What I am trying to do: I want to find the SUM of the forecast error for a given forecast generation constrained by a dynamic date range based on whether the date is a weekday or weekend. The SUM must be grouped only on similar IDs.
Basically, the temp table provides one record per facility per date per shift with the forecast error. I want to SUM the historical error dynamically for a facility/shift/date based on whether the date is weekday/weekend, and only SUM the error where the IDs match up.. (hope that makes sense!!)
Specifics: I want to find the SUM grouped by 'week_part_grouping', 'forecast_profile_key', 'forecast_profile' and 'forecast_generation_id'. The part I am struggling with is that I only want to SUM the error dynamically based on date: (a) if the date is a weekday, I want to SUM the error from up to the 5 recent-most days in a 7 day look back period, or (b) if the date is a weekend, I want to SUM the error from up to the 3 recent-most days in a 16 day look back period.
Ideally, having an extra column for 'total_forecast_error_in_lookback_range'.
Specific examples:
For 'facility_a', '2020-11-22' is a weekend. The lookback range is 16 days, so any date between '2020-11-21' and '2020-11-05' is eligible. The 3 recent-most dates would be '2020-11-21', '2020-11-15' and '2020-11'14'. Therefore, the sum of error would be 2000+3250+1050.
For 'facility_a', '2020-11-20' is a weekday. The lookback range is 7 days, so any date between '2020-11-19 and '2020-11-13'. That would work out to be '2020-11-19':'2020-11-16' and '2020-11-13'.
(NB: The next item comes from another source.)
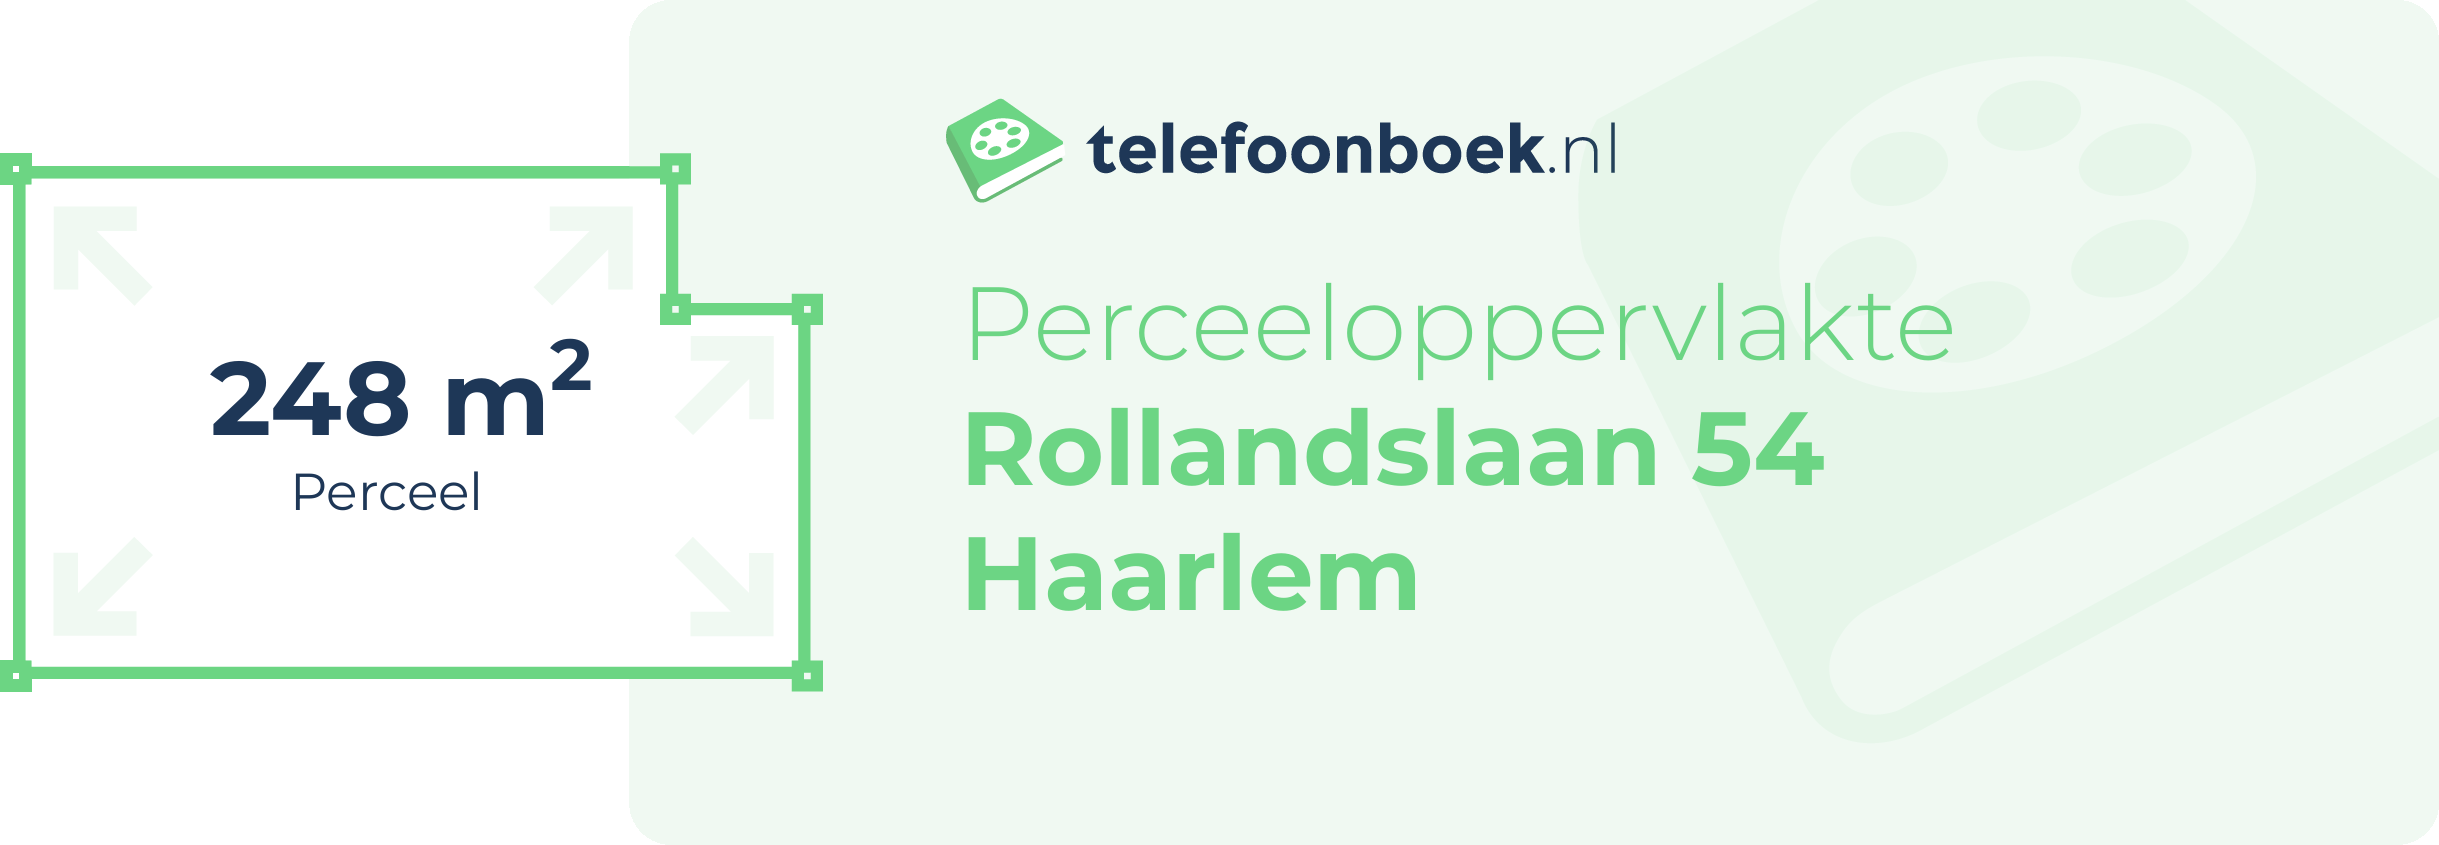 Perceeloppervlakte Rollandslaan 54 Haarlem

For 'facility_b', notice there is a change in the 'forecast_generation_id'. So, the error for '2020-11-20' would be only be 4565.
What I have tried: I'll confess to not being quite sure how to break down this portion. I did consider a case statement on the week_part but then got into a nested mess. I considered using a RANK windowed function but I didn't make much progress as was unsure how to implement the dynamic lookback component. I then also thought about doing some LISTAGG to get all the dates and do a REGEXP wildcard lookup but that would be very slow..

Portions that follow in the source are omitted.